[Opening MATERIAL TO PROCESS section]

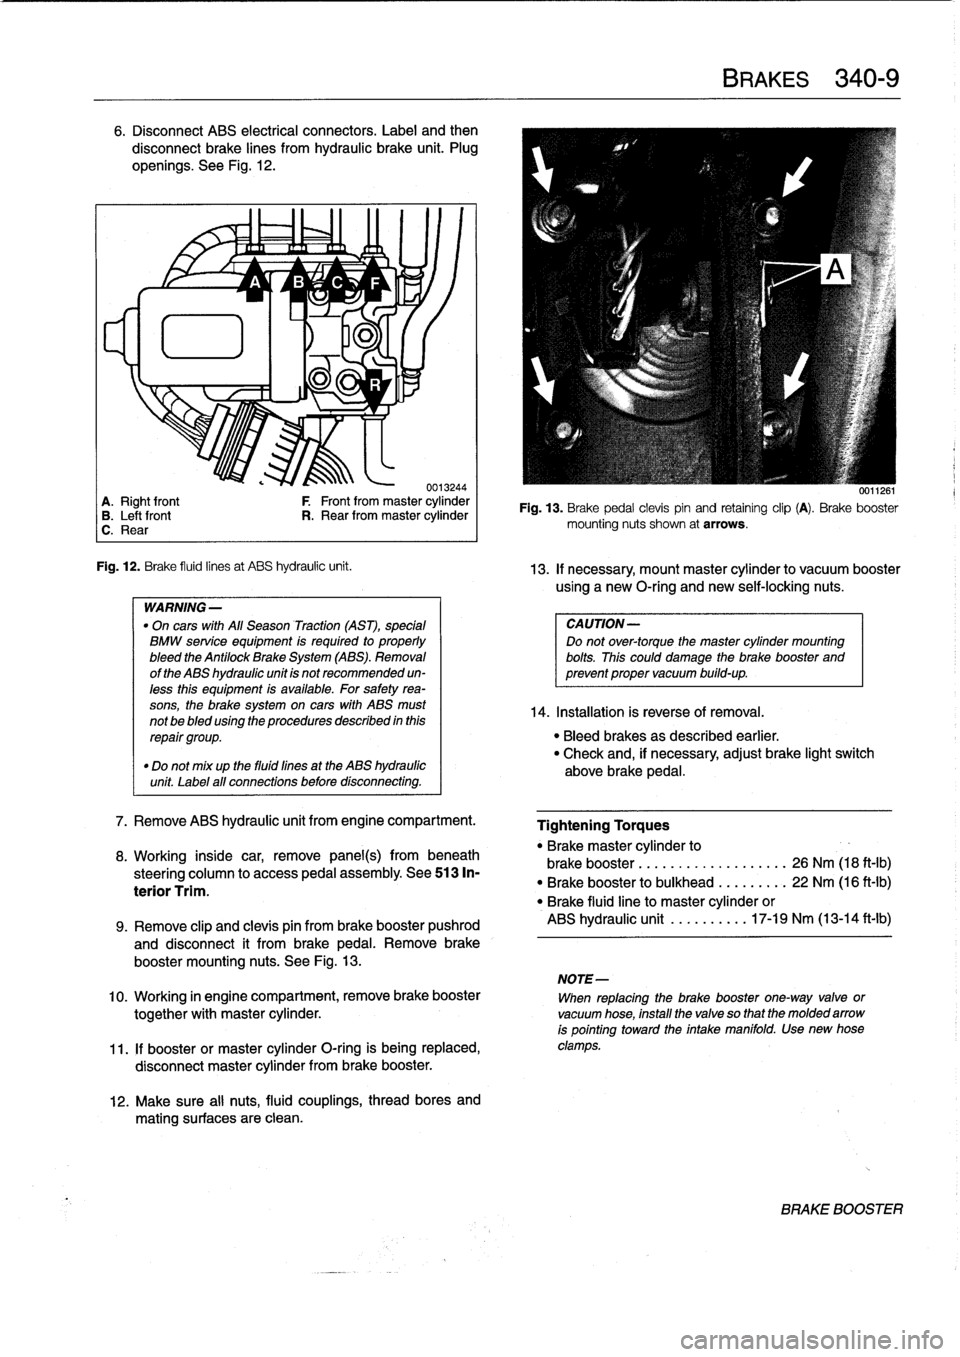 BMW 318i 1997 E36 Owners Manual 6
.
Disconnect
ABS
electrical
connectors
.
Label
and
then

disconnect
brake
lines
from
hydraulic
brake
unit
.
Plug

openíngs
.
See
Fig
.
12
.

~
~
A
1/
B
1v
C
~
F

lu
11
-ri
J
.

0013244
A
.
Right
f
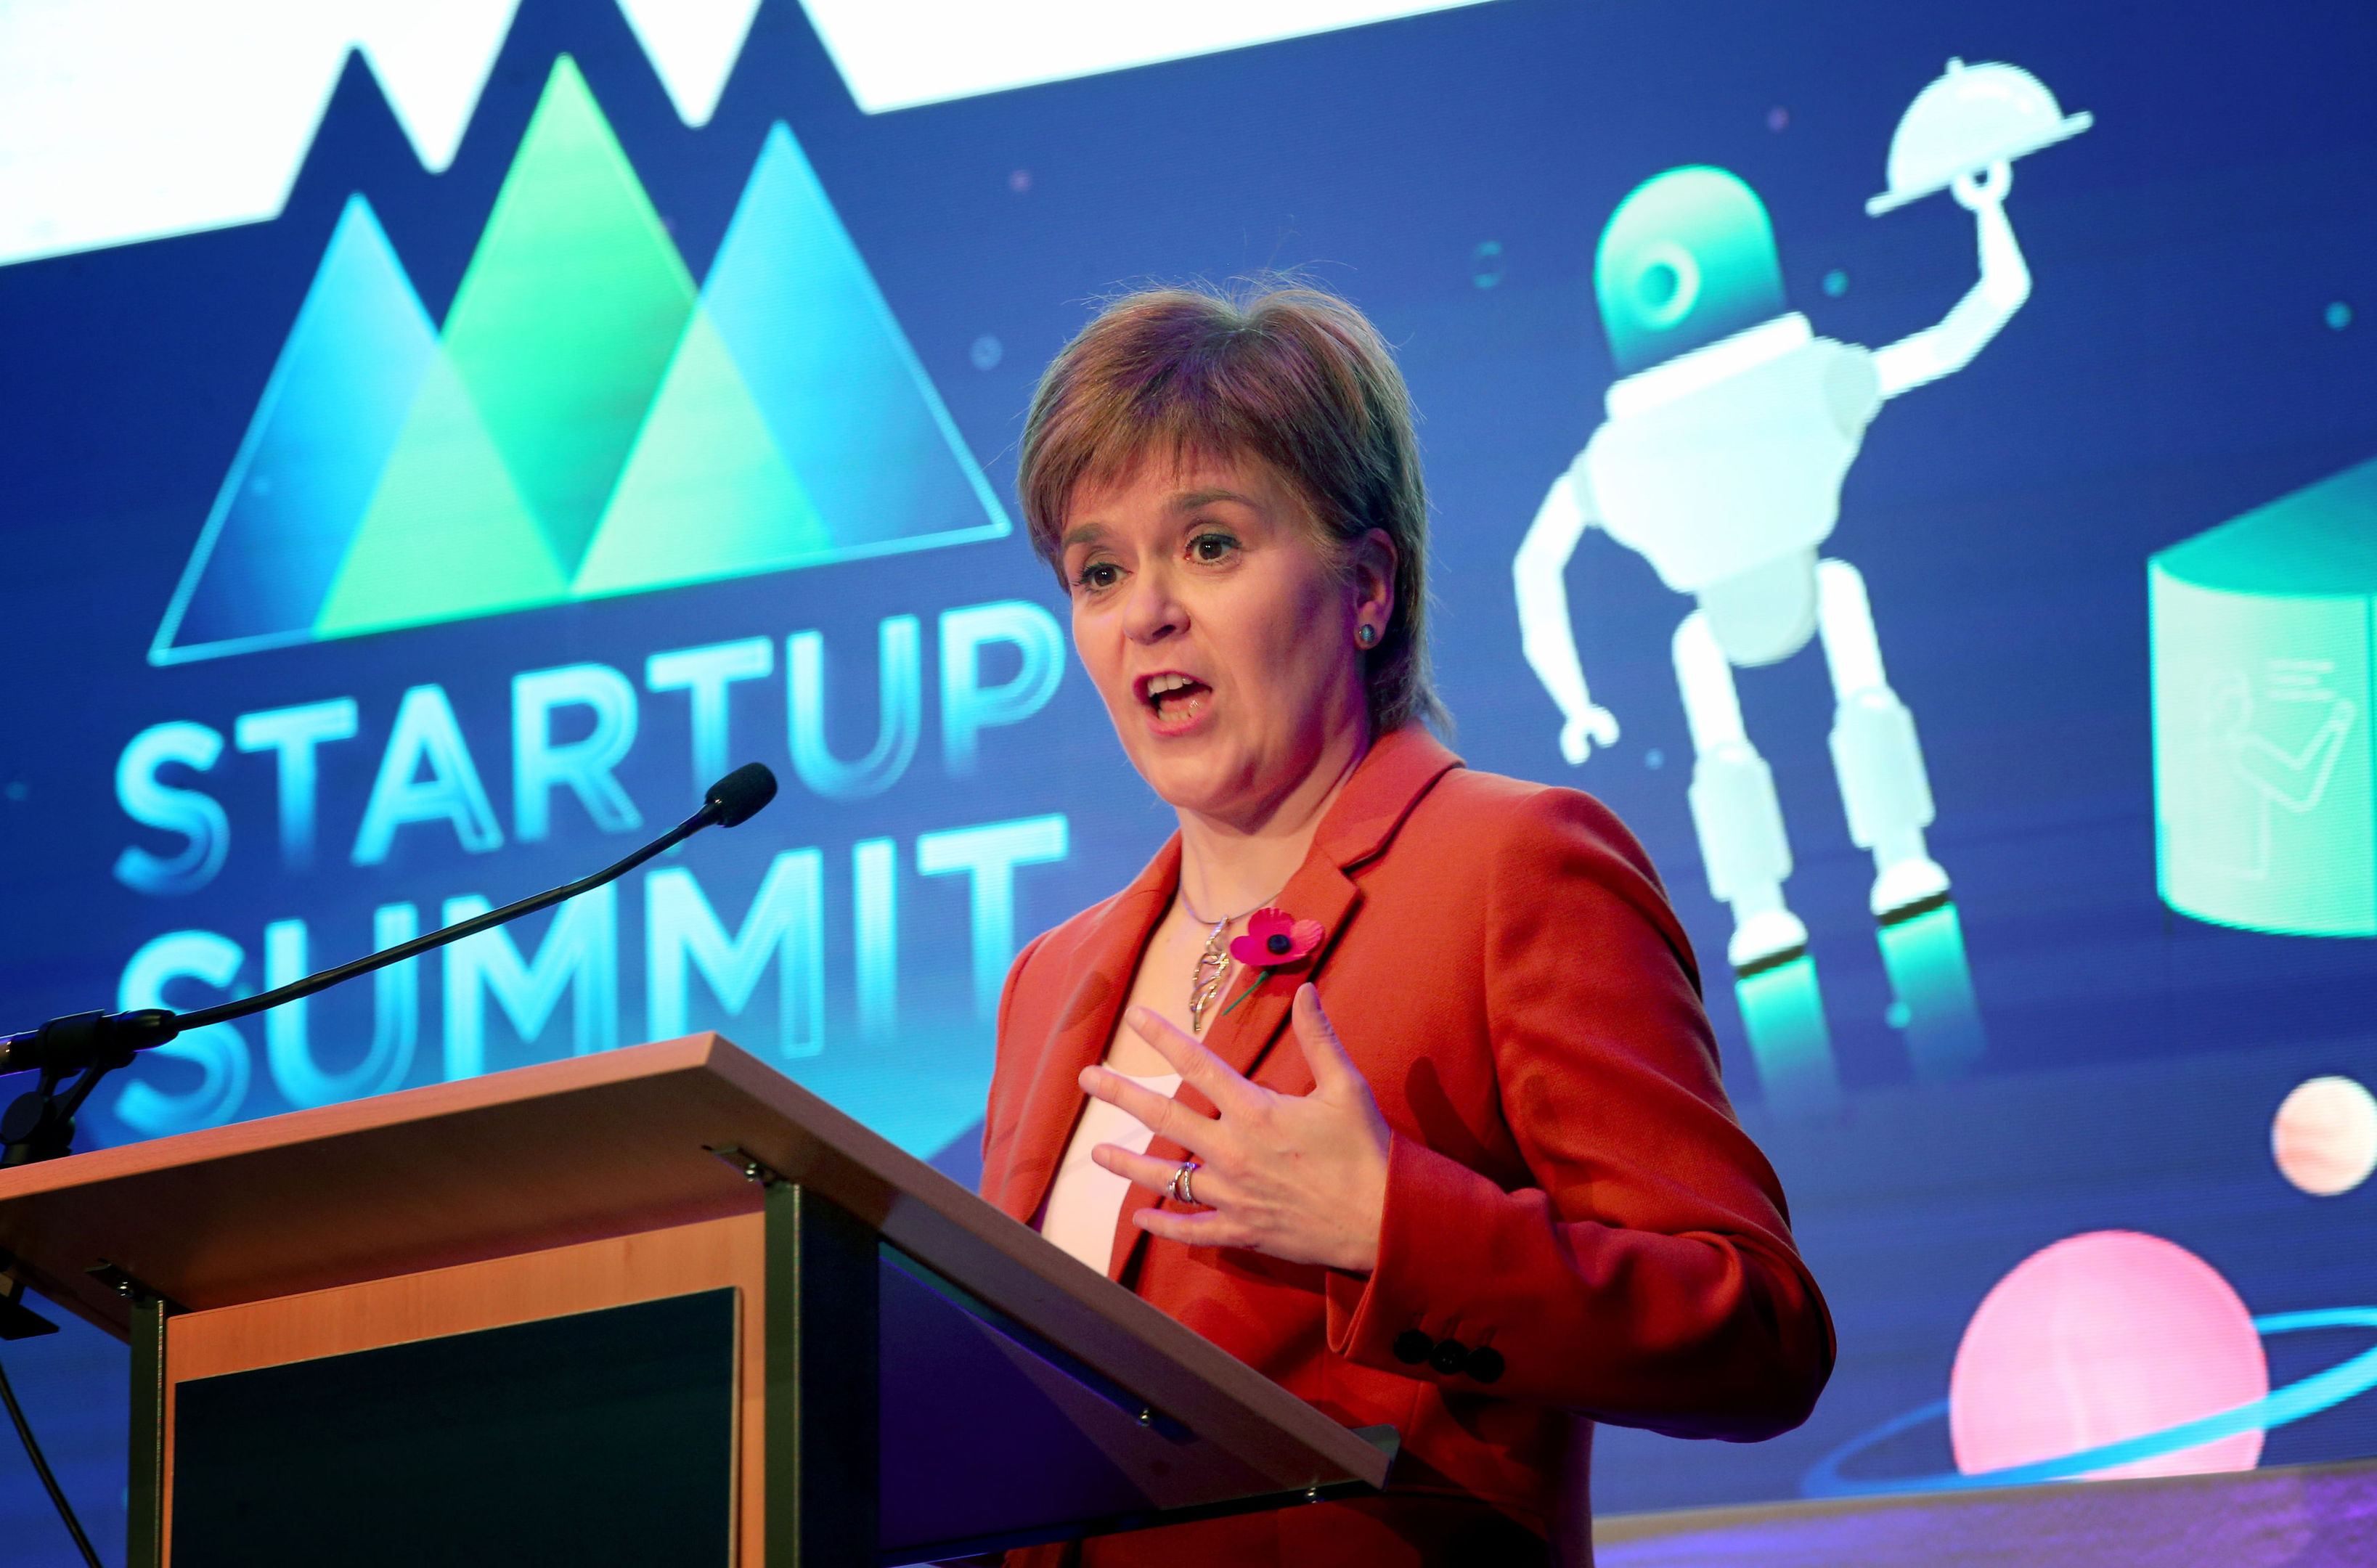 First Minister Nicola Sturgeon delivers a speech to the Start-Up Summit, an annual event focused on helping new businesses grow, at the Assembly Rooms in Edinburgh. (Jane Barlow/PA Wire)

[Closing MATERIAL TO PROCESS section]

- [PROBLEM DESCRIPTION] Retype the data in full. Images do not go in the copy.

- [ANSWER FOR THIS EXERCISE]
 BMW 318i 1997 E36 Owners Manual 6
.
Disconnect
ABS
electrical
connectors
.
Label
and
then

disconnect
brake
lines
from
hydraulic
brake
unit
.
Plug

openíngs
.
See
Fig
.
12
.

~
~
A
1/
B
1v
C
~
F

lu
11
-ri
J
.

0013244
A
.
Right
f
 First Minister Nicola Sturgeon delivers a speech to the Start-Up Summit, an annual event focused on helping new businesses grow, at the Assembly Rooms in Edinburgh. (Jane Barlow/PA Wire)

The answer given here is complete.